The acquisition would complement the Indian drug-major's existing operations in custom-manufacturing, besides catapulting it onto the global stage.

Mumbai , Oct. 30

IN less than a year since its previous acquisition in the UK, the Mumbai-based Nicholas Piramal India Ltd (NPIL) has acquired the UK's Avecia Pharmaceuticals for a consideration of £9.5 million (about Rs 76 crore).

A global custom-manufacturing player, Avecia Pharmaceuticals' focus is on providing custom chemical synthesis and manufacturing services for innovator pharmaceutical and biotechnology companies.

The acquisition would complement the Indian drug-major's existing operations in custom-manufacturing, besides catapulting it onto the global stage, NPIL's Chairman, Mr Ajay Piramal, told Business Line. He expected to get regulatory approvals on the deal in about five weeks.

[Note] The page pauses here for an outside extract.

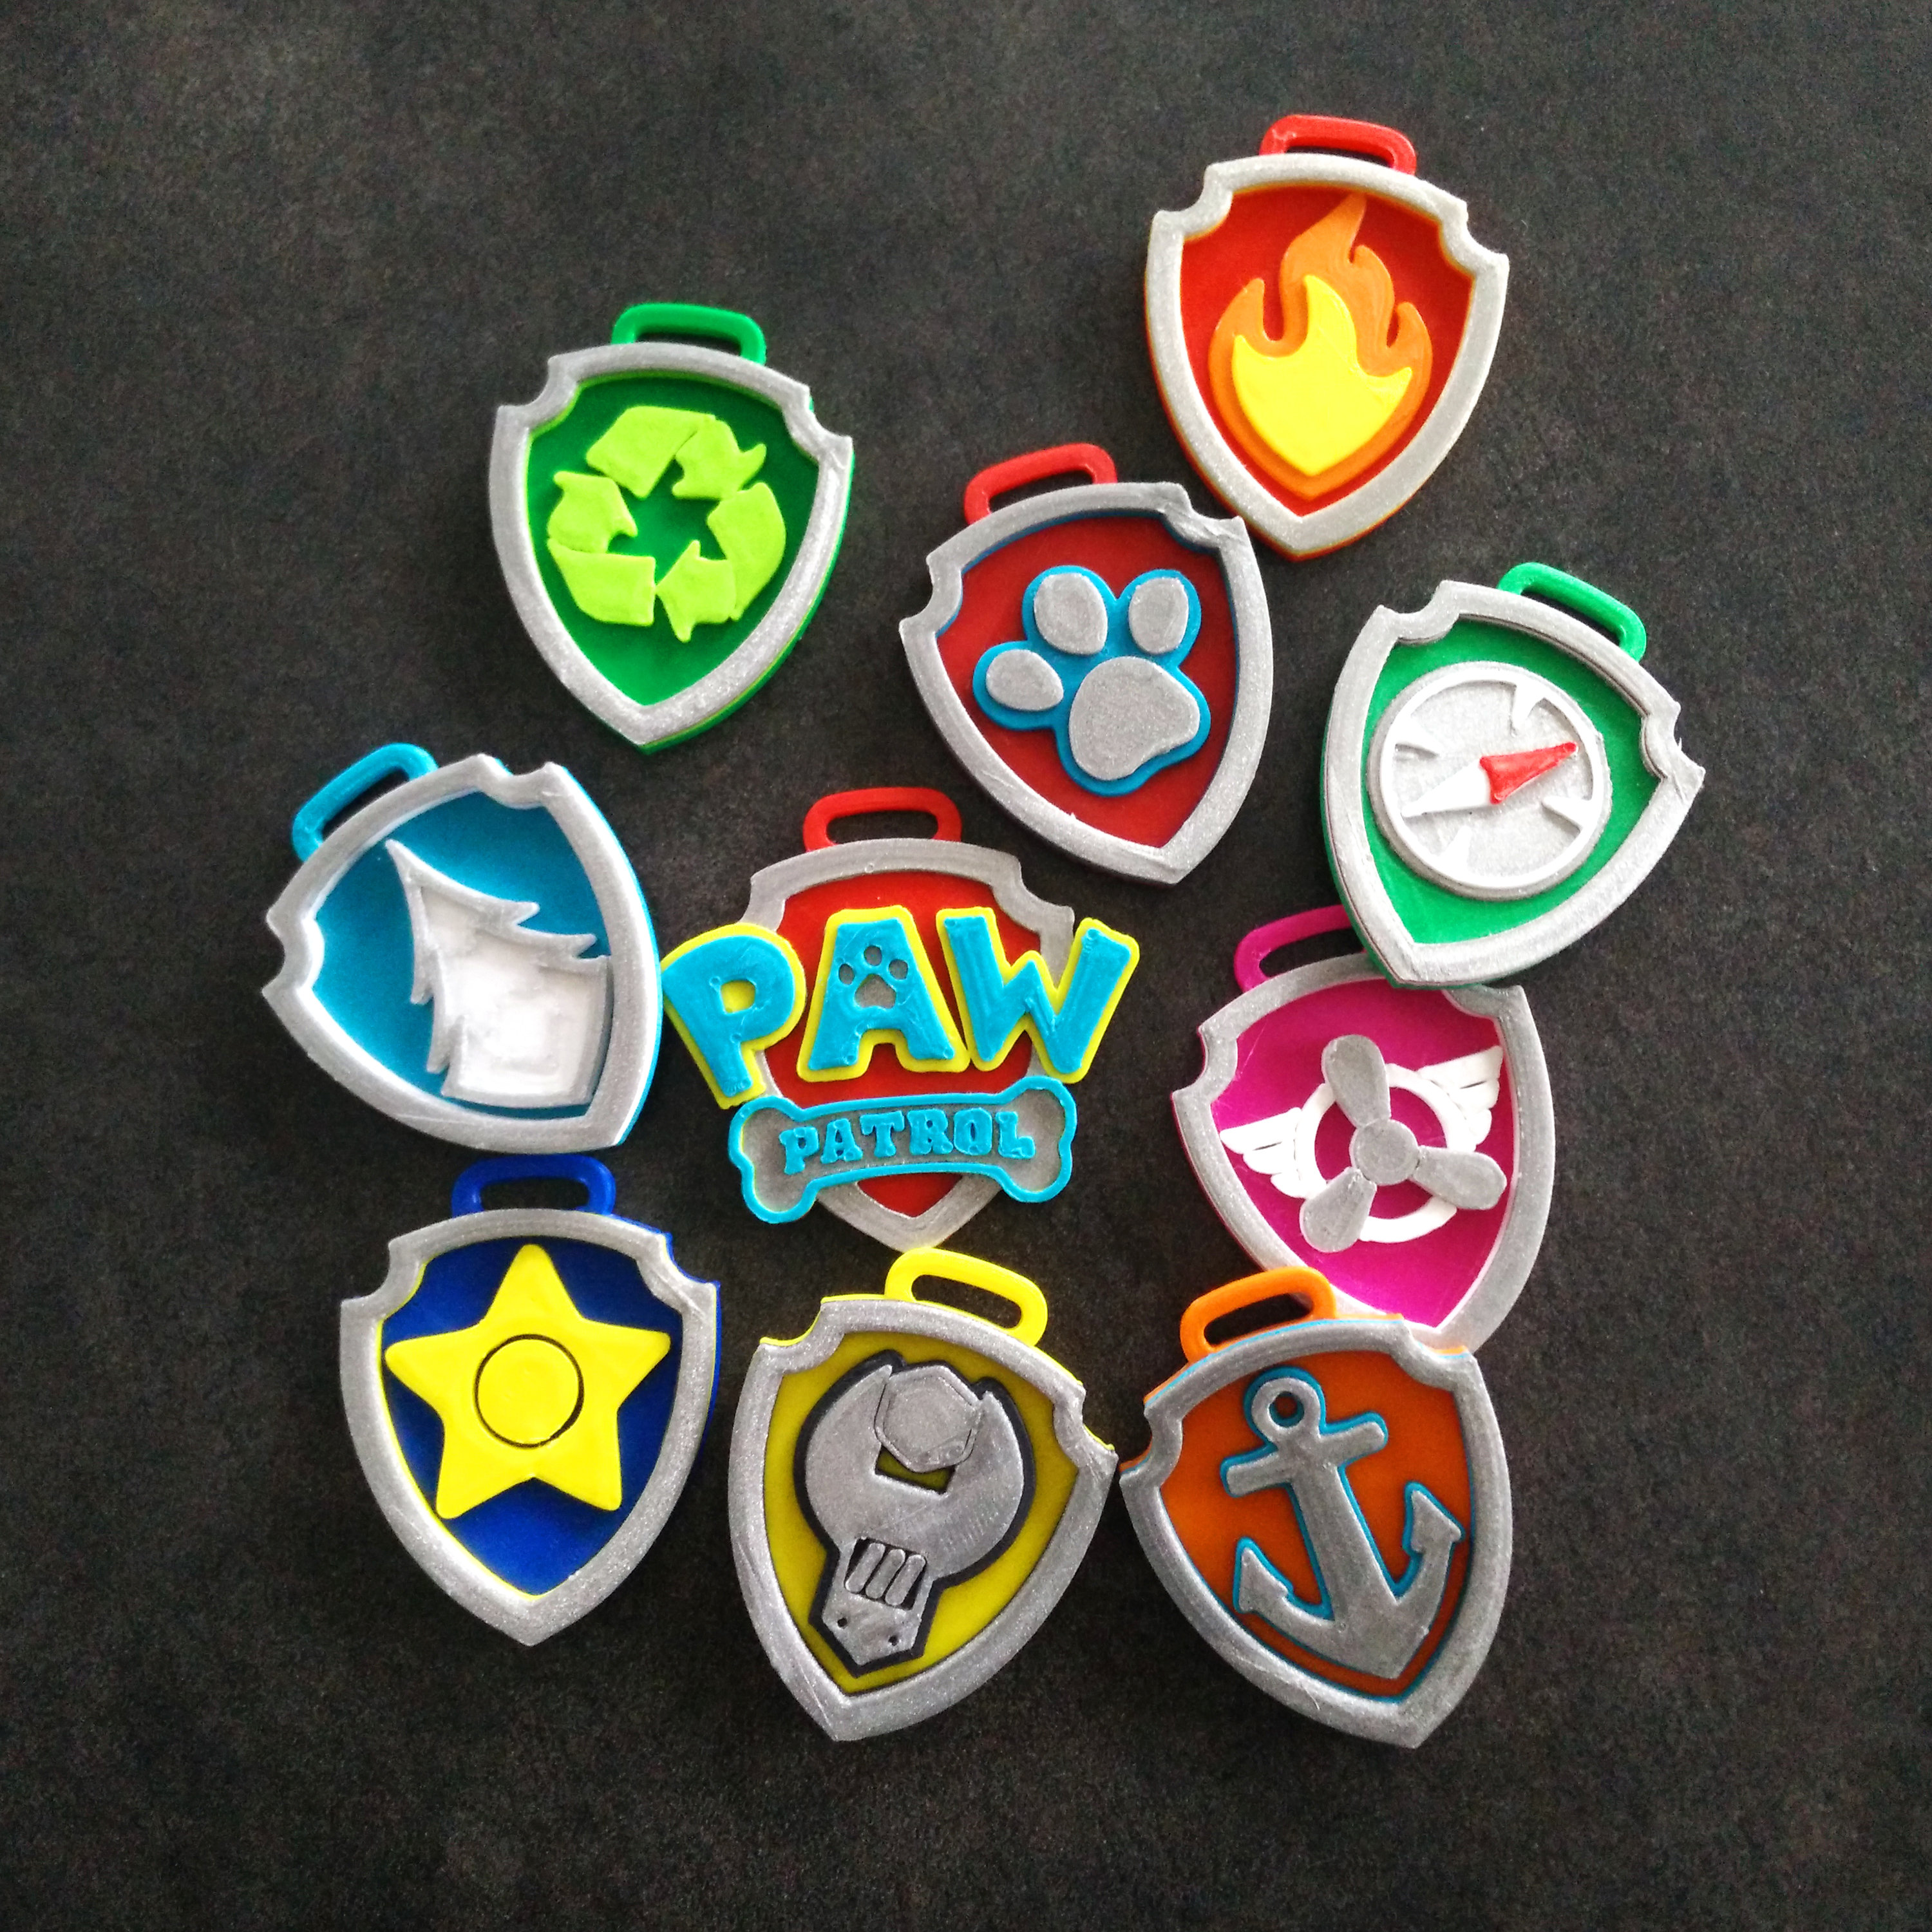 Paw Patrol Ryder Badge Perfect For Paw Patrol Costume Paw Etsy

Elaborating on the cost efficiencies, he said, India provided a low-cost and high-quality base. The acquisition gave the company access to Avecia's customer-list and new technologies used in the synthesis of products. Besides, it provided physical proximity to the overseas client.

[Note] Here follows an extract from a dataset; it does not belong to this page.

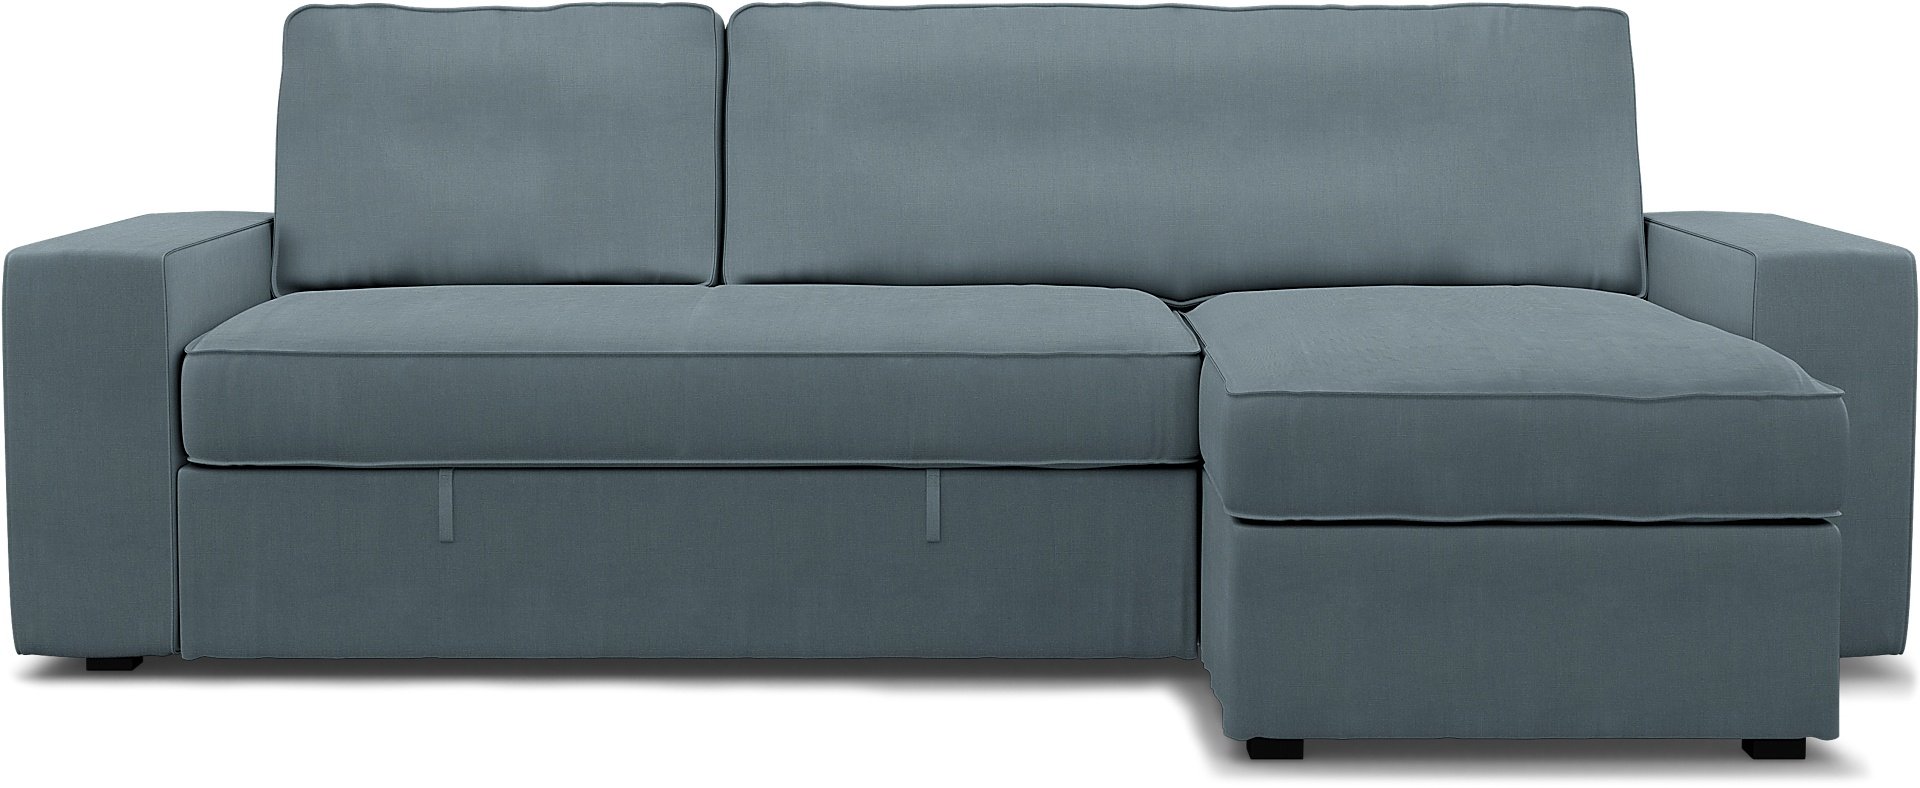 IKEA - Vilasund sofa bed with chaise cover, Dusk, Linen - Bemz

The reconfigured asset-base would include access to leading early phase assets, including nearly 100 early-phase and launched products, a note from the company said.

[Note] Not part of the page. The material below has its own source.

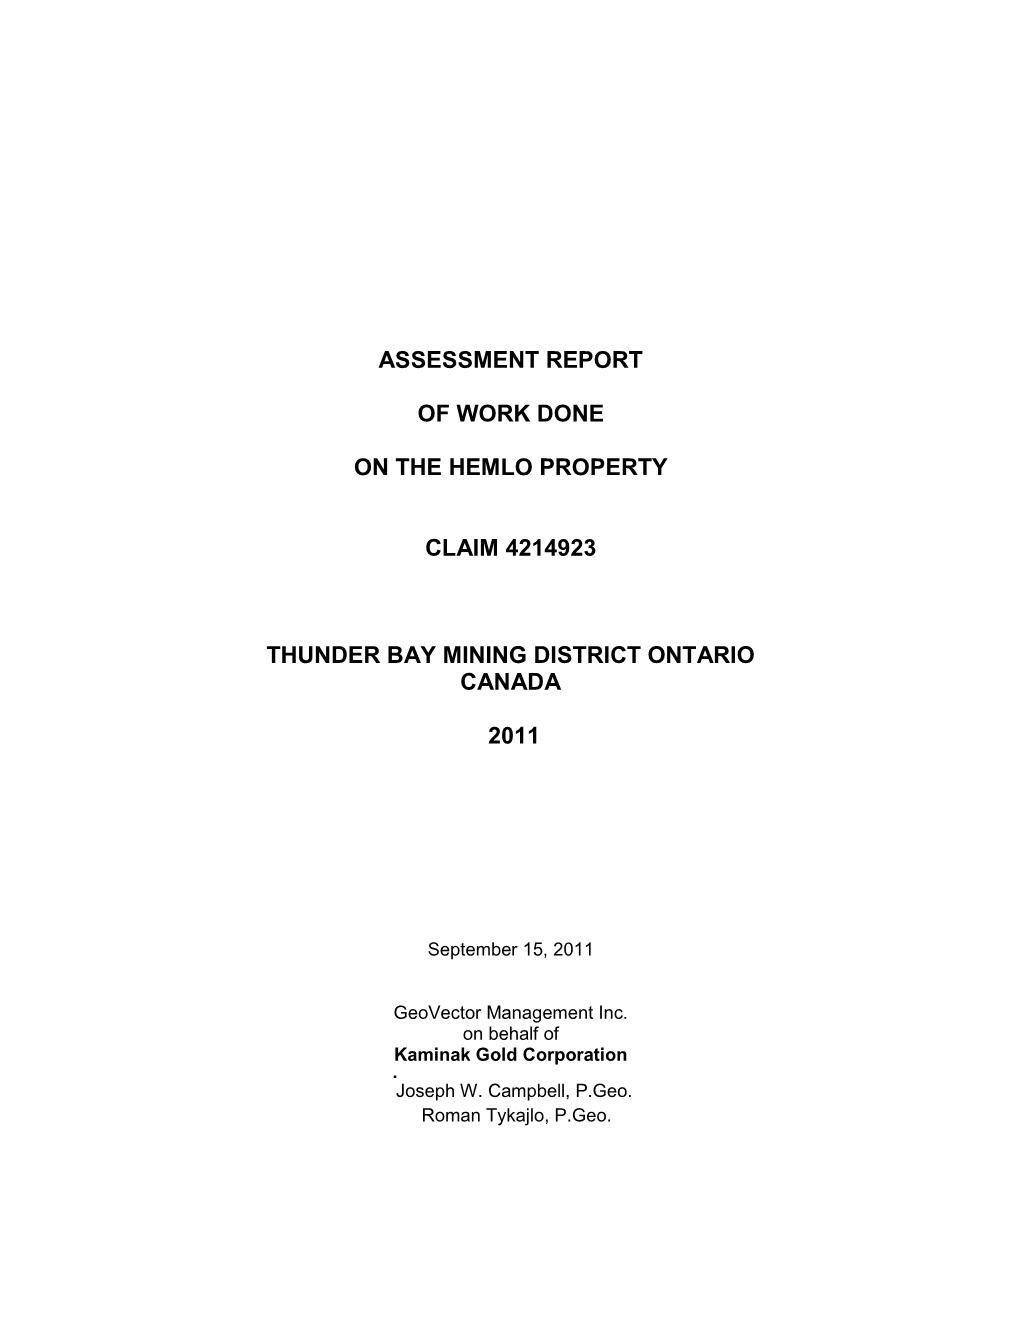 ASSESSMENT REPORT of WORK DONE on the HEMLO PROPERTY, THUNDER BAY MINING DISTRICT ONTARIO, CANADA, 2007 and 2008; April 2009; Assessment Report

About 346 employees also come into the Nicholas Piramal fold with this deal, who would be retained, "as of now," Mr Piramal said.

Avecia Pharmaceuticals is part of the UK-based Avecia Group. Private equity funds managed by Cinven and Investcorp International acquired Avecia Group from AstraZeneca in 1999.

Avecia comprises three business entities: Avecia Pharmaceuticals Ltd (APL) in the UK, Torcan Chemical Ltd in Canada and a 25 per cent ownership of Reaxa Ltd, also in the UK. These companies clocked consolidated sales of £36.1 million in 2004.

In its first quarter of 2005, the company clocked sales of £44.1 million, with an operating loss (from continuing operations and before amortisation of goodwill and restructuring) at £12.3 million.

Explaining why the Avecia Group exited the business, he said, it was important for the group to have an "India-end or a China-end" to be successful. And for this, the company would have to invest in India and that would have been a huge process, he said.

It was advantage Nicholas Piramal, since the company had the same business model. Further, he said, Avecia's customers would feel comfortable with NPIL, as its strategy was to collaborate with multinational companies, protect intellectual property and not compete on products in the US and European markets. (This is contrary to the confrontationist strategies adopted by some Indian companies that challenge product-patents, etc)

In December 2004, Nicholas Piramal had acquired Rhodia's Inhalation Anaesthetics business, but Mr Piramal ruled out any immediate consolidation of the acquired companies in the UK.

Besides, he said, the entire manufacturing operations of the acquired Rhodia business would shift to India by November 2006. The remaining assets would remain with NPIL, he added.